Maryland State Police "is in touch with local law enforcement and ready to provide support. Our prayers are with students, school personnel, and first responders," Hogan tweeted.
Maryland State Police troopers, agents from the Bureau of Alcohol, Tobacco, Firearms and Explosive's Hyattsville offices, and FBI agents are also assisting.
Less than a month ago, after the Parkland shooting, Hogan proposed spending $125 million next year to enhance security at schools in the state, including by reinforcing doors and installing panic buttons to prevent and react to shooters.
He also suggested $55 million for two ongoing spending initiatives, including $50 million for "school safety grants" that could pay for armed school resource officers, technology and counselors at public schools, and increased funding for the state's Center for School Safety, which would include money to hire social media experts to scour the internet looking for threats.
The proposals are currently being considered by lawmakers in Annapolis, who have already given initial approval to three tougher gun-control laws.
Sen. Steve Waugh, a Republican who represents St. Mary's County, said his Annapolis office had become a clearinghouse for information in the hours after the incident.
Waugh, with the support of the Senate's Democratic leadership, recently introduced a package of four bills dealing with school security. He said he's sure Tuesday's shooting will focus attention on it.
"It certainly adds urgency to it," Waugh said. "I'm just grateful we have a vehicle for us to begin the decision."

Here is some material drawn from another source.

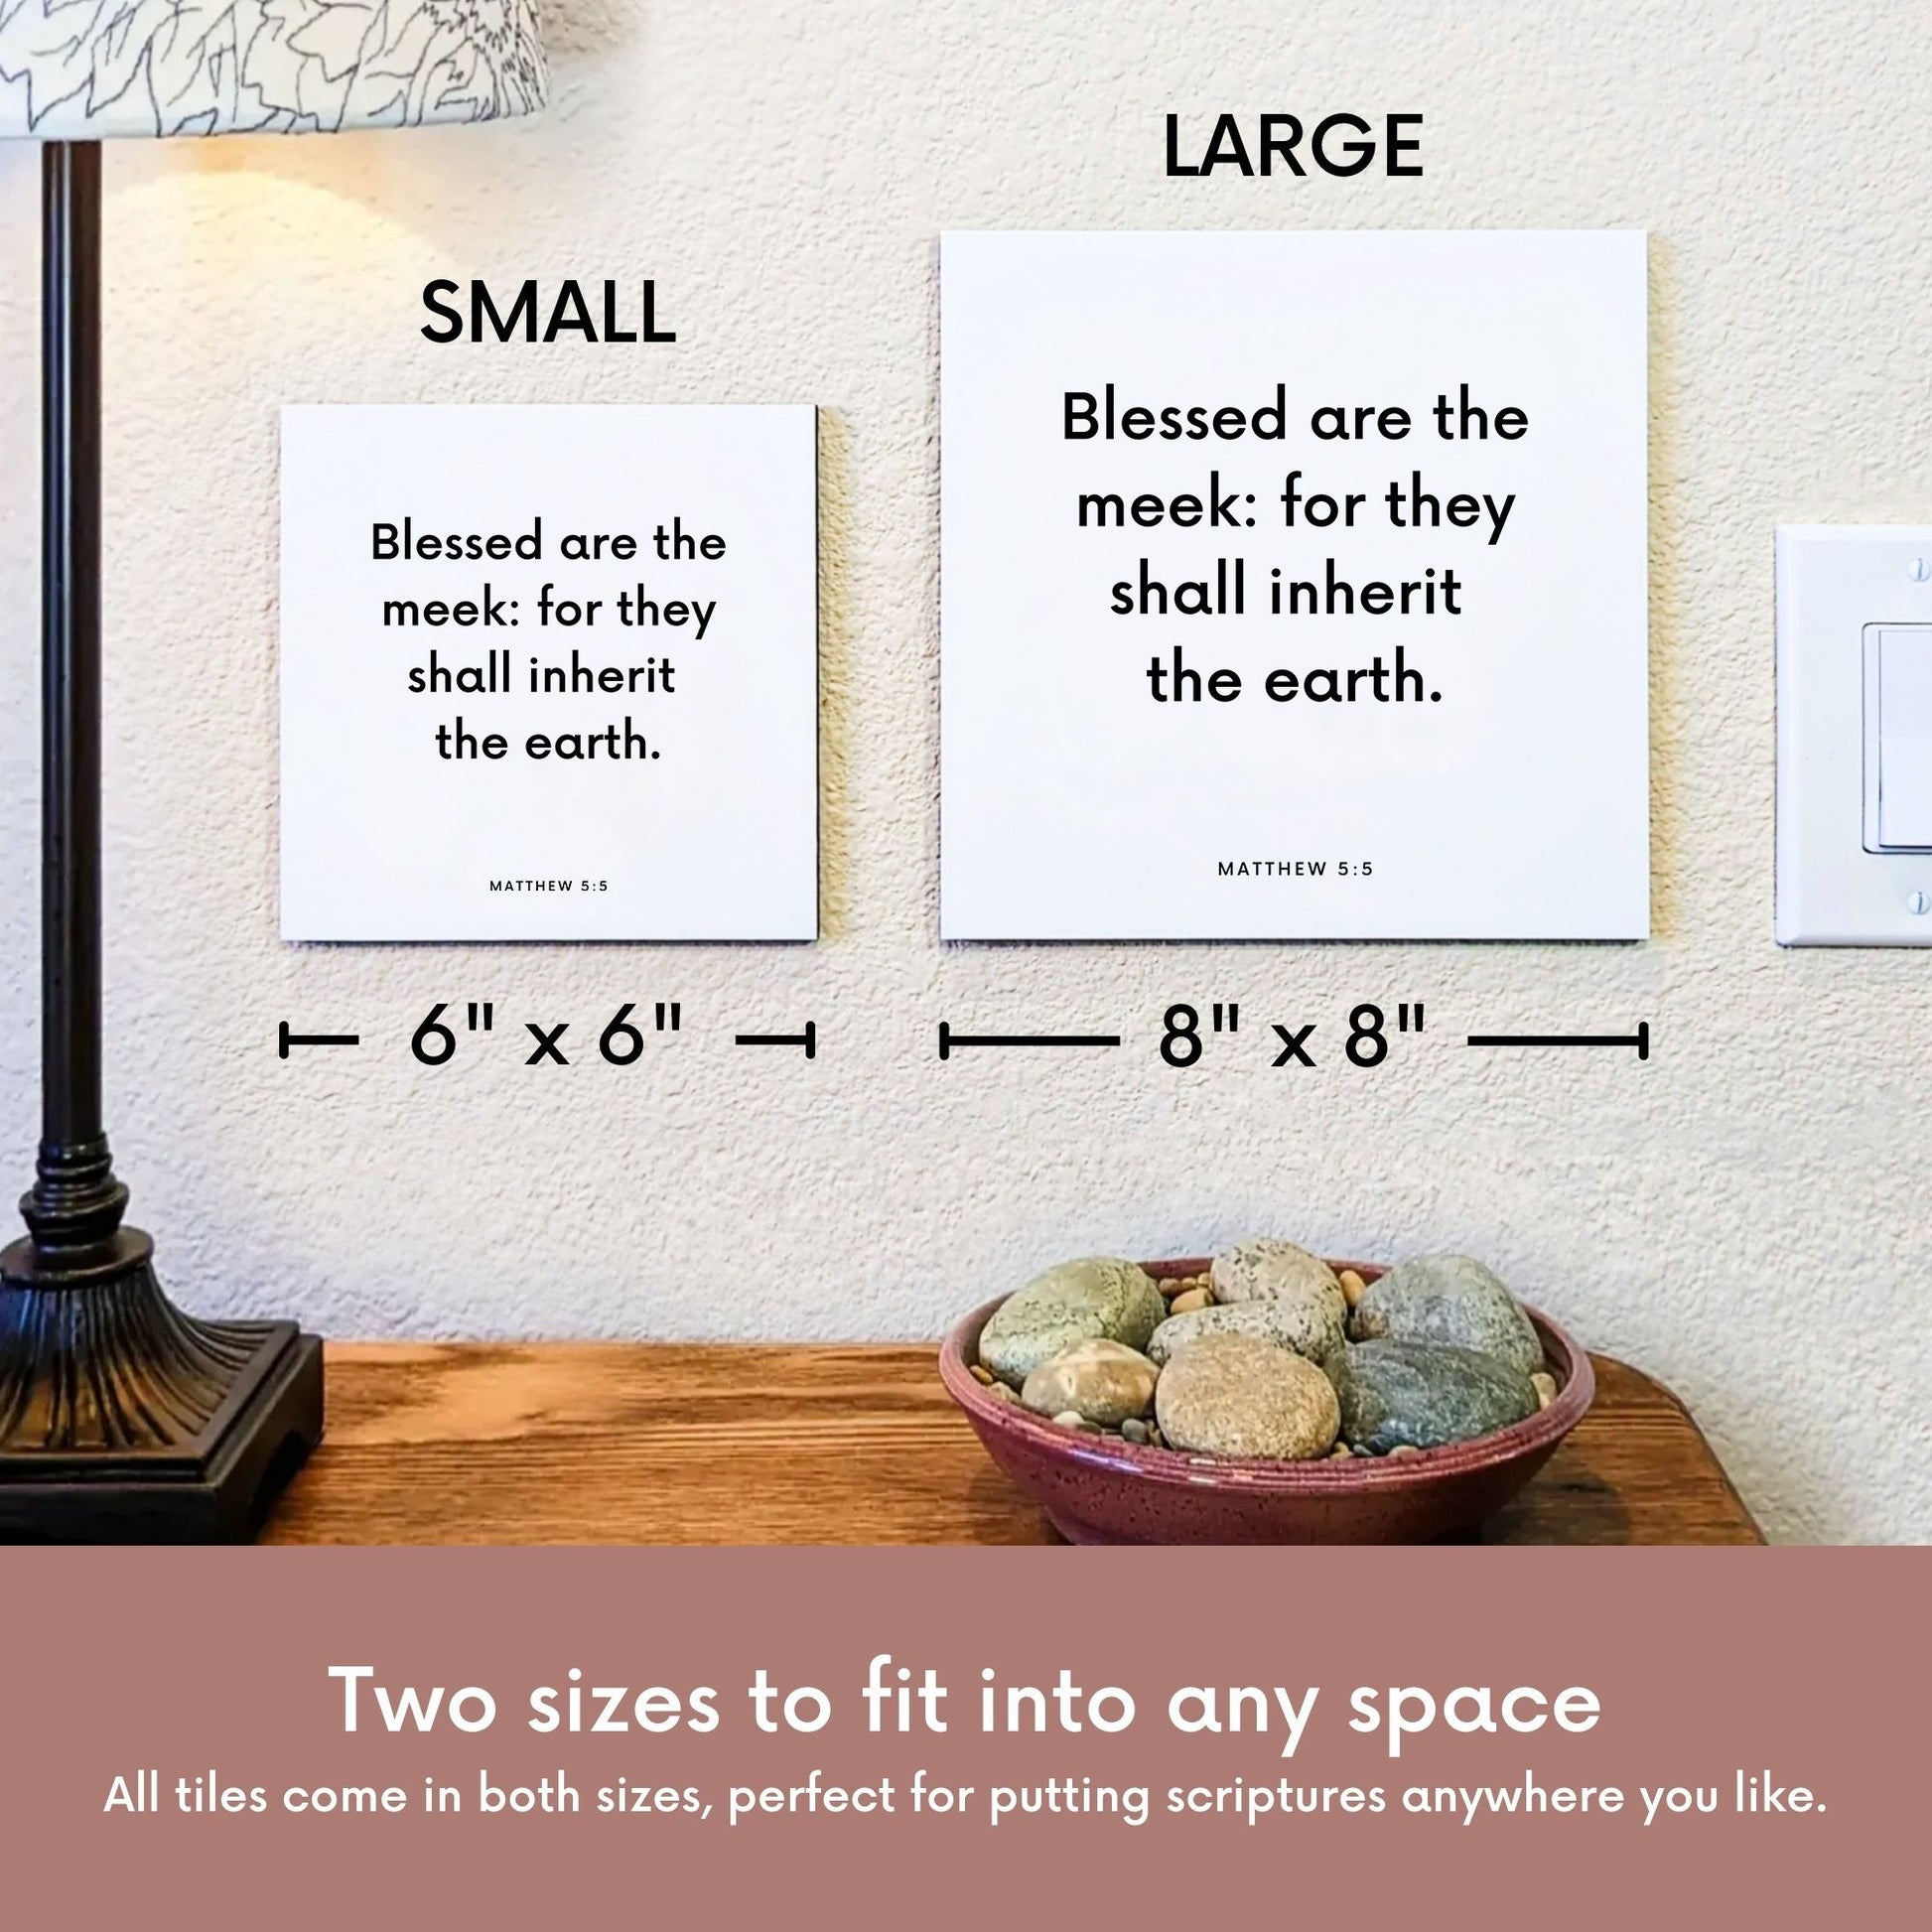 Scripture tile size comparison for Matthew 5:5 - "Blessed are the meek: for they shall inherit the earth"

Waugh said the legislation is a bipartisan effort and that Senate President Thomas V. Mike Miller is a co-sponsor of the four bills. Waugh said the number of co-sponsors is growing.
"We have a bipartisan consensus that things need to be done," he said.
The Maryland House of Delegates opened their session Tuesday with a moment of silence for the shooting victims in St. Mary's County.
Education secretary Betsy DeVos called the incident at Great Mills a "horrifying situation," and said her agency stands ready to help.
"Our hearts and prayers are with those impacted, and our deep appreciation goes out to the first responders," she wrote on Twitter.
Since the Parkland shooting, many districts around the country have seen an spike in threats made against schools. In late February, local media reported that police were investigating a social media threat against Great Mills, warning of an upcoming school shooting.
Police increased their presence at the high school, according to TheBayNet.com, though the threat was no substantiated. There has been no indication that Tuesday's incident is related.